I spent a few hours running nm and strings on libraries and kernel modules etc. trying to find evidence where the call to the PQI library might be... in vain. Anyway I am more familiar with Solaris systems and my linux knowledge is light. I wonder where you would locate the code to call the unlock function? Would they have built a special linux kernel and placed it in there? Would they have placed it into a loadable kernel module? I wonder....

Markus
03-19-2005, 06:04 PM
Sorry, but I haven't a clue of where they might have inserted the passkey or call to the pqi file.

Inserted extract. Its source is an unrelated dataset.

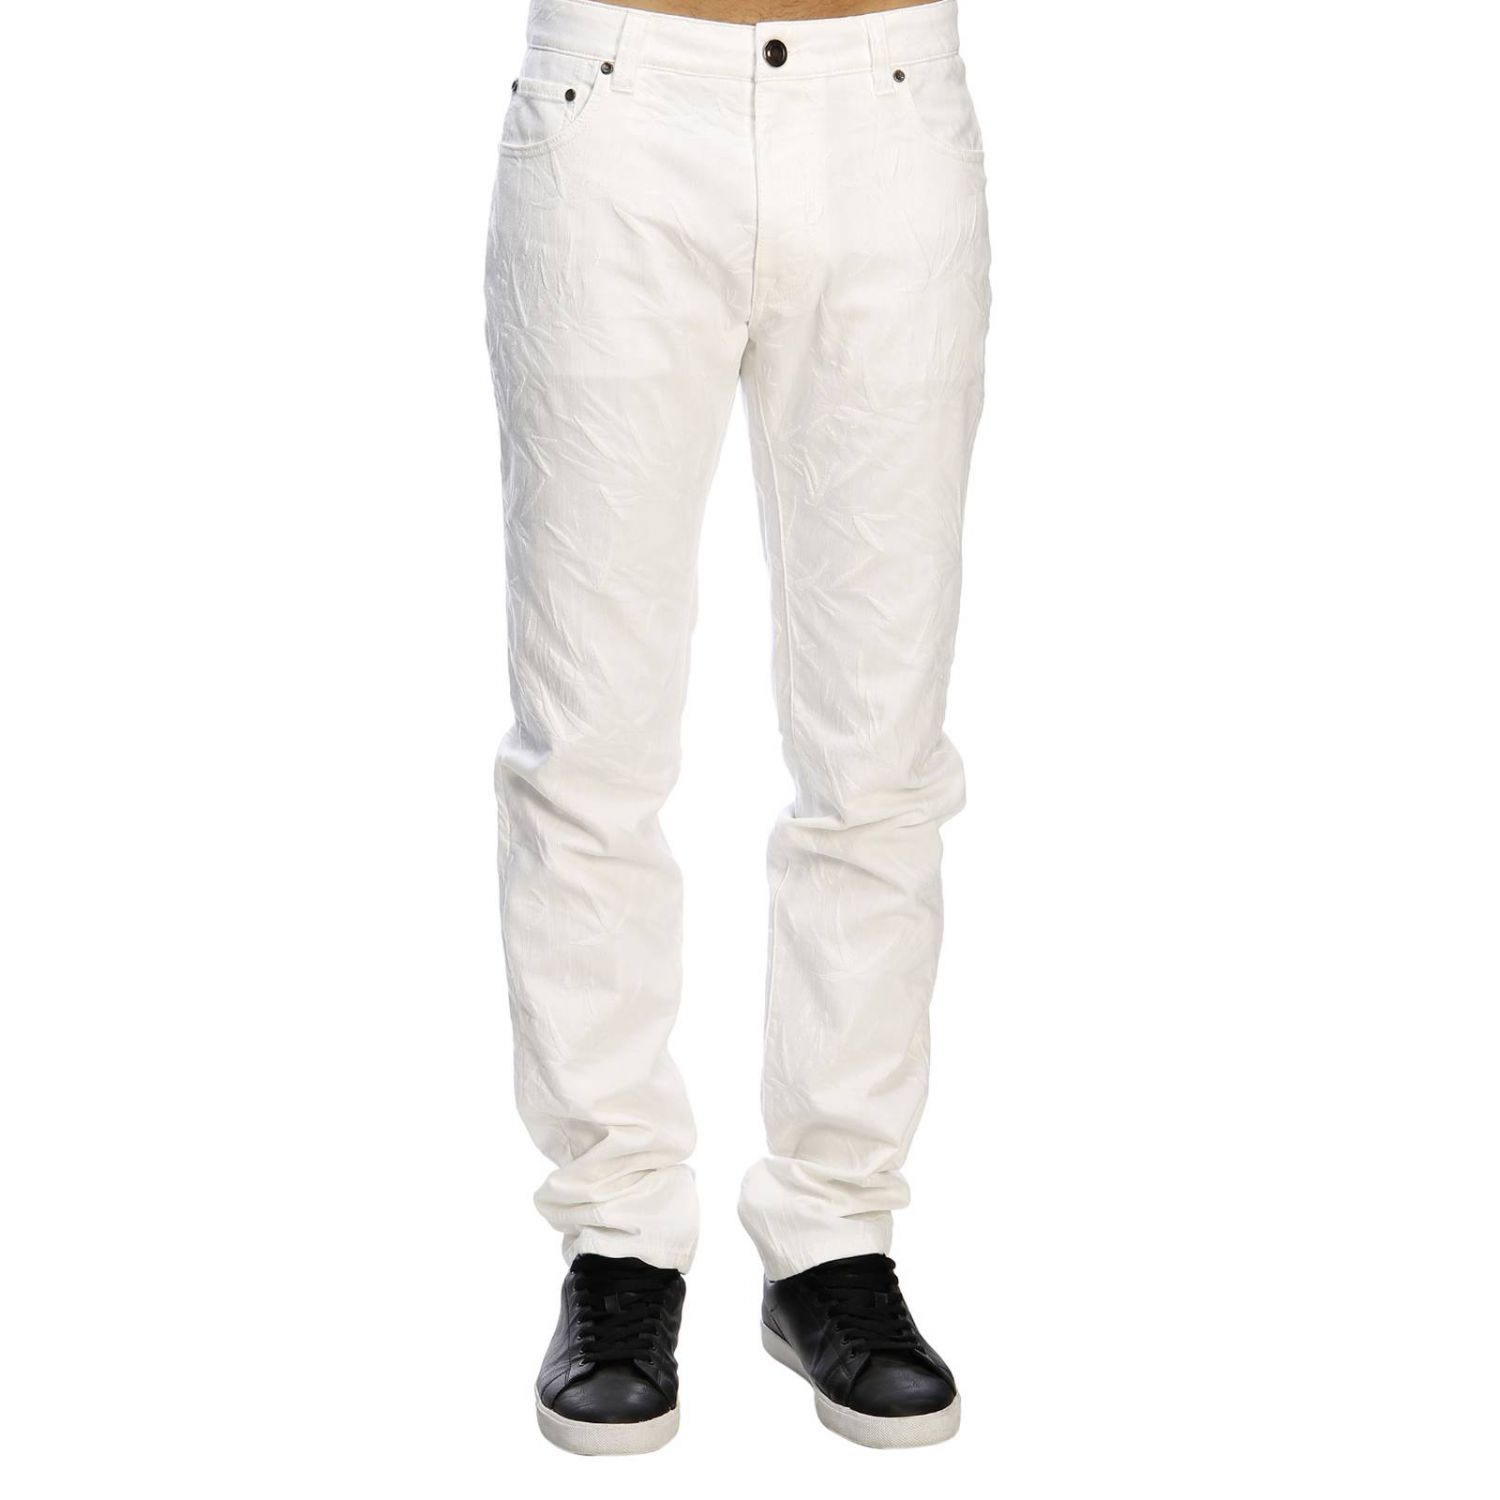 Etro Outlet: trousers for men - White | Etro trousers 1W508 1284 online ...

I'd start looking at /etc/rc* directories for filenames like bootmisc.sh that knoppix uses for misc stuff at bootup, and /etc/modules* for a special kernel module.
As you possibly know, linux first boots the kernel read only to a initial ramdisk where it loads necessary drivers so that normal bootup can follow, although as the protected zone isn't root, it's hard to say if unlocking is done at the initial or normal bootup.